The following sections in this guide will introduce you to device tree changes, firmware development, and the loading procedure so that you can get started developing on the PRUICSS on the phyCORE-AM57x Development Kit.


  • Must have completed the Build the BSP guide. This requirement must be met in order to follow the instructions below to modify the kernel. 
  • PHYTEC Expansion Board (PCM-957) will be needed to wire up an LED circuit to the Expansion Connector pin 25C

What is PRUICSS? 

PRUICSS stands for Programmable Real-time Unit and Industrial Communication Subsystem. It's essentially a slave core complex that the host processors (these are the Cortex-A15s on the phyCORE-AM57x running Linux) can use to offload various tasks. For example, you can emulate more UARTs using the PRUs than the host processor has physically available. You could also implement more high speed and real-time communications protocols. The PRUICSS is a dual-core complex (PRU0 and PRU1) and since there are 2x PRUICSS on the standard phyCORE-AM57x SOM kit variant this means there are actually 4x PRUs available.

How is a PRU programmed? 

There are a couple of options going about this for development. You could hook up to the phyCORE-AM57x via JTAG and load code directly into the core's instruction RAM but this is outside the scope of this article. The method that will be explored in this guide will involve cross-compiling our PRU code on a Host development machine, transferring our executable to the phyCORE-AM57x which is already booted and running Linux, and then leveraging the remoteproc framework to load the code into the PRU from Linux.

Remoteproc is a kernel driver that allows the ARM host processor(s) to load firmware into slave cores such as the IPUs, DSPs, and PRUs. It provides a way to start these cores, stop these cores, and to configure resources that the cores might need during their execution (such as configuring interrupt controllers or setting up space in memory to pass messages between the cores).

Wiring Up an LED

You will need to populate an LED and a 100 Ohm resistor to the PCM-957 Expansion Board according to the schematic below. Do this with the PCM-957 Expansion Board disconnected from the phyCORE-AM57x development kit.

Configuring the Device Tree

The PRUICSS is disabled by default in the Linux BSP PD20.1.2 and a kernel modification will be required to both enable the PRUICSS and to configure a processor pin of the AM5728 SoC to operate as a PRU general-purpose output. For more information please see the AM57x Technical Reference Manual.

This guide assumes you have completed the BSP Development Guide and have successfully built the arago-core-tisdk-bundle build target. When building the BSP for the first time all the source repositories are pulled locally to the development machine. We will use these to modify the kernel before rebuilding it.

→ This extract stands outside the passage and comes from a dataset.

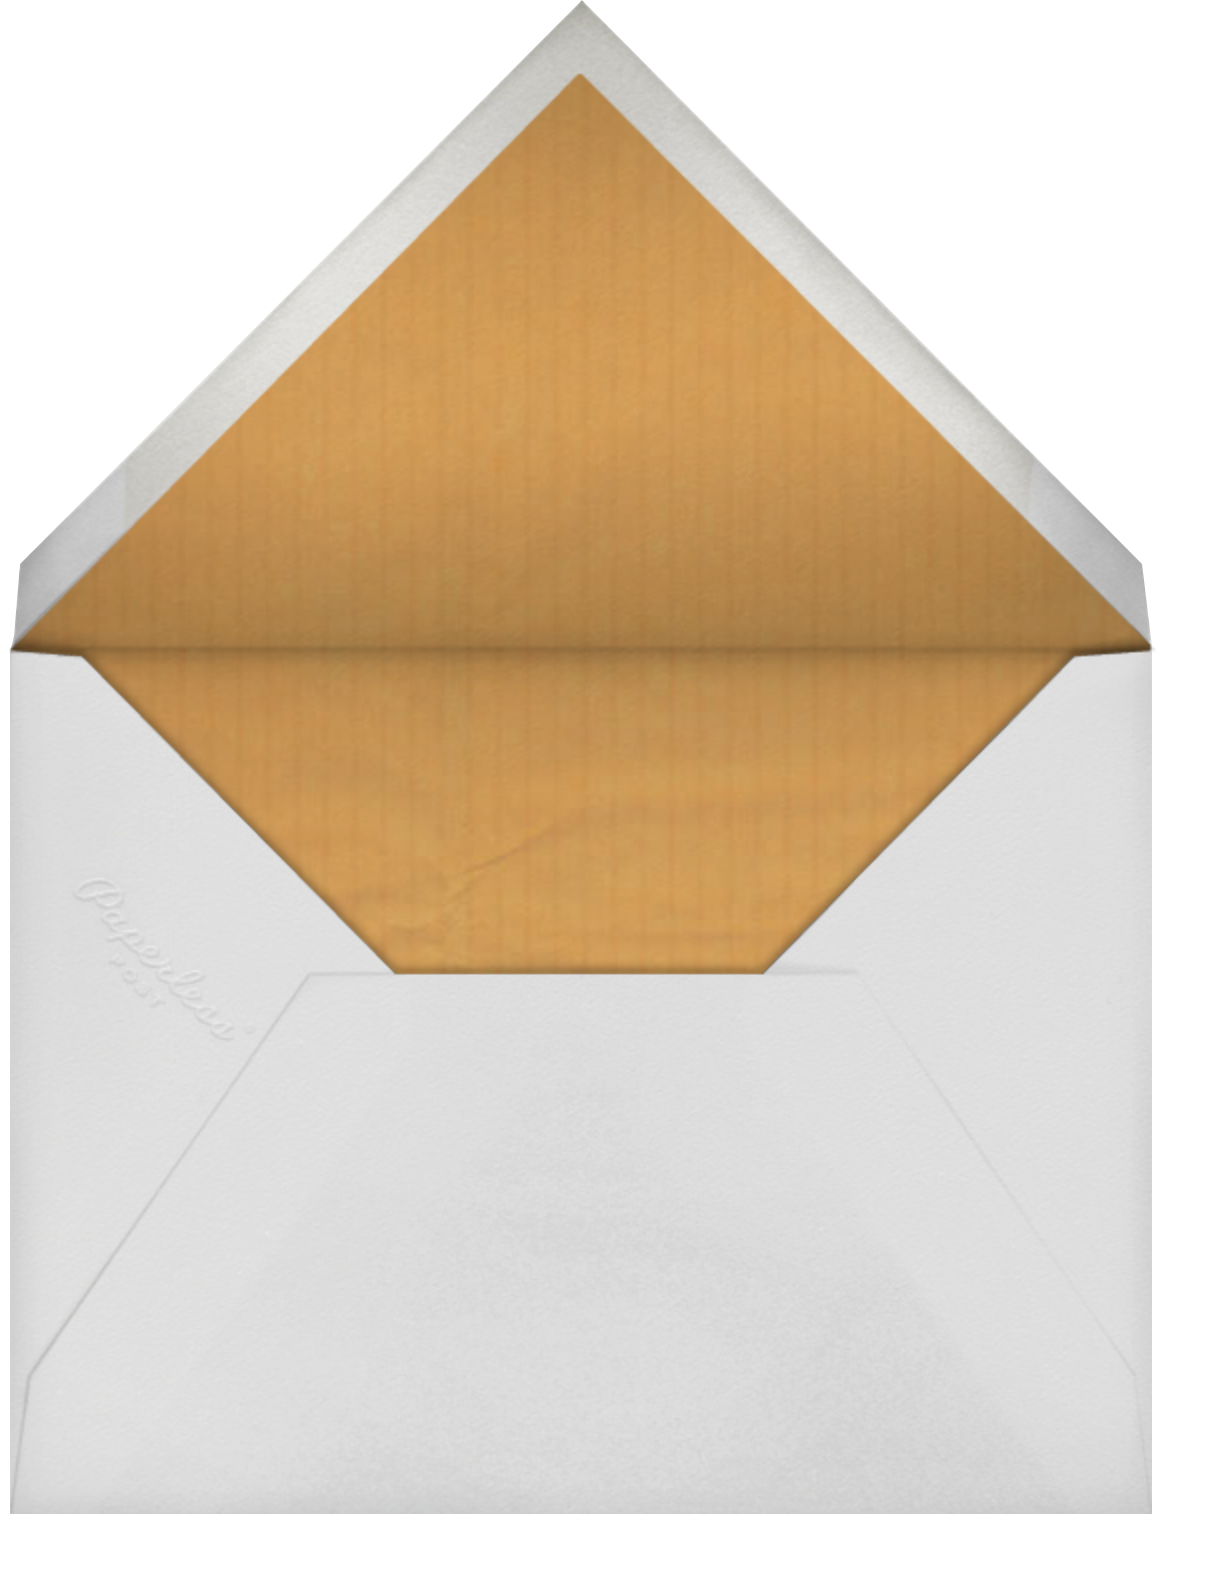 Tender Buttons Photo - White - Anthropologie - Free birthday eCards - envelope back

  • Once you have completed the steps outlined in the BSP Development, navigate to the local kernel repository: 

    Host (Ubuntu)

    cd $BUILDDIR/arago-tmp-external-arm-toolchain/work/am57xx_phycore_kit-linux-gnueabi/linux-phytec-ti/4.19.79+git_v4.19.79-phy3-r7a/git/
  • Using your preferred Text Editor, modify arch/arm/boot/dts/am5728-phycore-kit-41300111i.dts by adding the following code excerpt to the end of the file. If this is not your SOM configuration then contact PHYTEC Support if you need help adapting these steps.

    Try the Vim Text Editor!

    Host (Ubuntu)

    vim arch/arm/boot/dts/am5728-phycore-kit-41300111i.dts

    The Vim Text Editor begins in "Command Mode" and you must first hit the 'i' key in order to enter "Insert Mode". Using the arrow keys to navigate, make the necessary changes and then hit ESC to go back to "Command mode". Now enter ":wq" to write the file and quit.

    Pro Tip: Use the right click on your mouse to paste! This will only work if you are in "Insert Mode" first.


    &dra7_pmx_core {
            pru2_gp_pins: pru2_gp_pins {
                    DRA7XX_CORE_IOPAD(0x35D8, PIN_OUTPUT | MUX_MODE13)     /* (E11) vout1_vsync.pr2_pru1_gpo17 */
    &pruss_soc_bus1 {
    &pruss_soc_bus2 {
    &pruss2 {

    In this code, we are multiplexing a processor pin to operate in a general-purpose output mode and enabling both PRUICSS 1 and 2! The pin that is enabled in this code corresponds to the signal X_GPIO4_23 in the phyCORE-AM57x schematic and this is routed out to the pin 25C on the Carrier Board Expansion Connector. Please see the Schematics section of the Hardware Development page for more information. This pin was selected since it was not being used for any other existing subsystems on the phyCORE-AM57x development kit.

  • Once you have saved and closed the file arch/arm/boot/dts/am5728-phycore-kit-41300111i.dts we can then recompile the kernel. 

    You'll have to use the same terminal session from when you ran through the BSP Development in order to have your environment already sourced. 

    Host (Ubuntu)

    bitbake linux-phytec-ti -f -c compile && bitbake linux-phytec-ti

    This will force the bitbake build system to recompile the kernel and redeploy it.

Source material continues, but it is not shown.